BGH, Beschluss vom 8. November 2016 – VI ZR 512/15

Hintergrund

Die Klägerin ließ sich im November 2011 Krampfadern im linken Bein operativ bei der Beklagten, einem Krankenhaus, entfernen. In der Folge litt sie unter einer Fußheberschwäche und einer Gefühlsstörung. Diese wurden durch eine Nervenschädigung verursacht. Sie begehrte materiellen und immateriellen Schadensersatz wegen fehlerhafter ärztlicher Behandlung durch die Ärzte der Beklagten.
Das Landgericht hat die Klage abgewiesen. Das Kammergericht hat die Berufung der Klägerin zurückgewiesen. Hiergegen wendete sich die Klägerin, aufgrund der Nichtzulassung der Revision, mit einer Nichtzulassungsbeschwerde vor dem Bundesgerichtshof. Das Beschwerdeverfahren führte zur Aufhebung des angegriffenen Urteils und zur Zurückweisung der Sache an das Berufungsgericht.

Gründe

Streitig war der genaue Vorgang der Nervenschädigung, bzw. die Art der Nervenschädigung. Sowohl Landgericht als auch Berufungsgericht griffen auf die Sachverständigengutachten zurück, die eine vollständige Durchtrennung aufgrund des postoperativen Gesundheitsverlaufs ausschlossen. Hierin hätte ein Behandlungsfehler gelegen. Der Sachverständige führte aus, dass von einer bloßen Druckschädigung ausgegangen werden könne, die keinen Behandlungsfehler darstelle und vielmehr ein typisches Operationsrisiko sei.
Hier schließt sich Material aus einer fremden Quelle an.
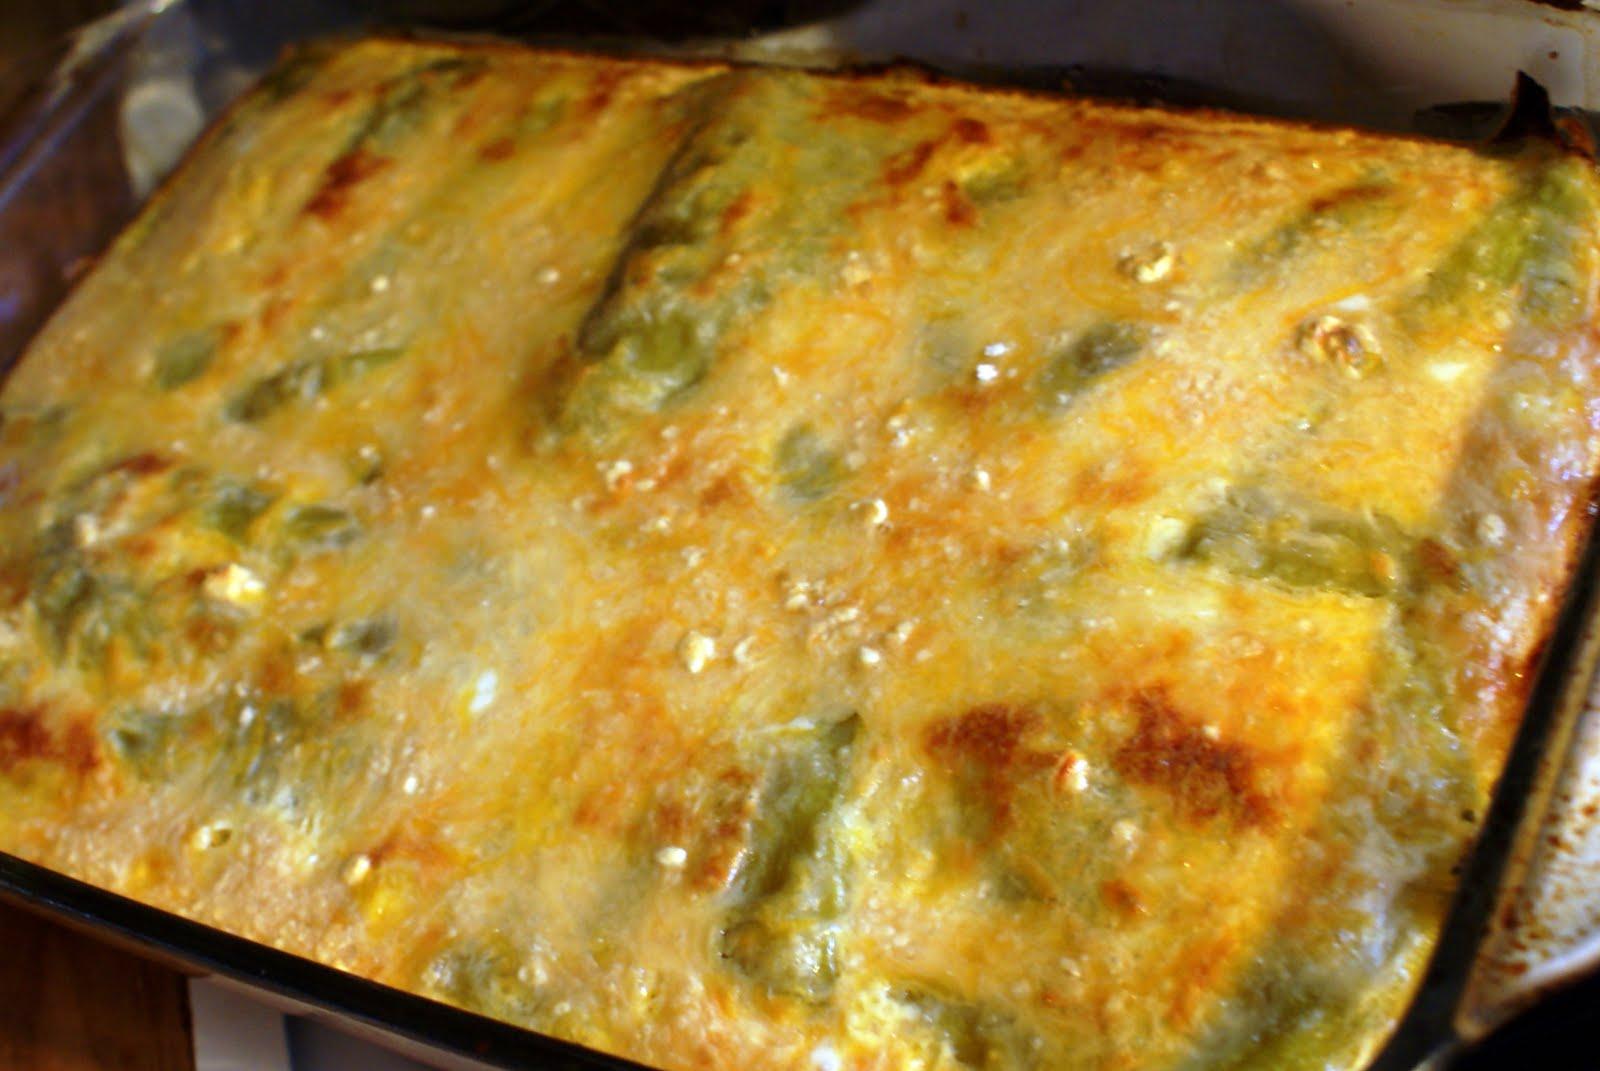 ... chile stew red chile martini day comfort robin s chile relleno bake

Auch der Sachverständige der Klägerin hatte mit Rückgriff auf die postoperative gesundheitliche Entwicklung der Klägerin eine vollständige Nervendurchtrennung ausgeschlossen. Auch hierauf stützte sich dann das Berufungsgericht.

Jedoch stellte diese Beurteilung durch beide Instanzen nach Auffassung des Bundesgerichtshofes eine entscheidungserhebliche Verletzung des Anspruchs auf die Gewährung rechtlichen Gehörs da. Denn, und dies war nach Auffassung des Gerichts rechtsfehlerhaft, wurde die Möglichkeit einer teilweisen Durchtrennung von Nerven trotz mehrmaligen Vortragens der Klägerin in beiden Instanzen außer Acht gelassen. Eine solche Behandlung wäre auch behandlungsfehlerhaft gewesen. Dem kam noch hinzu, dass der gerichtliche Sachverständige den späteren, postoperativen neurologischen Befund der Klägerin nicht kannte, da er hierfür als Gefäßchirurg nicht zuständig war und  das Berufungsgericht seine Entscheidung dennoch auf seine Ausführungen stützte.

Grundsätzlich führte der Bundesgerichtshof zu seiner rechtlichen Fundierung der Sache aus, dass ein Gericht nicht zur Befassung mit allen durch die Parteien vorgetragenen Tatsachen verpflichtet ist, es griff hierbei auf die Rechtsprechung des Bundesverfassungsgerichts zurück. Sogleich die Parteien aber von einer hinreichenden Abwägung aller Argumente ausgehen können.

Eine Verletzung des Anspruchs auf rechtliches Gehör liege sodann aber vor, wenn sich aus unterschiedlichen Umständen des einzelnen Falles deutlich ergibt, dass das Gericht ein Vorbringen überhaupt nicht zur Kenntnis genommen oder nicht mit in die Abwägung mit einbezogen hat, so das Gericht. Eben dies war nach Auffassung des Bundesgerichtshofes im streitigen Arzthaftungsprozess  der Fall.

Bewertung

Die Entscheidung des Bundesgerichtshofes ist als richtig zu bewerten. Eindeutig wurden durch die vormaligen Instanzen offensichtliche Tatsachen verkannt und bei der Beurteilung außer Acht gelassen. Für die Praxis sind die Auswirkungen nicht außerordentlich. Die Rechtsprechung des Bundesgerichtshofes hatte bereits ausstrahlende Wirkung. Aber es gebietet sich, im Tatsachenvortrag noch eindringlicher auf eindeutige Tatsachen Rückgriff zu nehmen und die Beurteilungen von Sachverständigen hinreichend für den Vortrag zu verwenden bzw. hier Klarheit herzustellen. Dies obliegt dann im Prozess oftmals den Bevollmächtigten.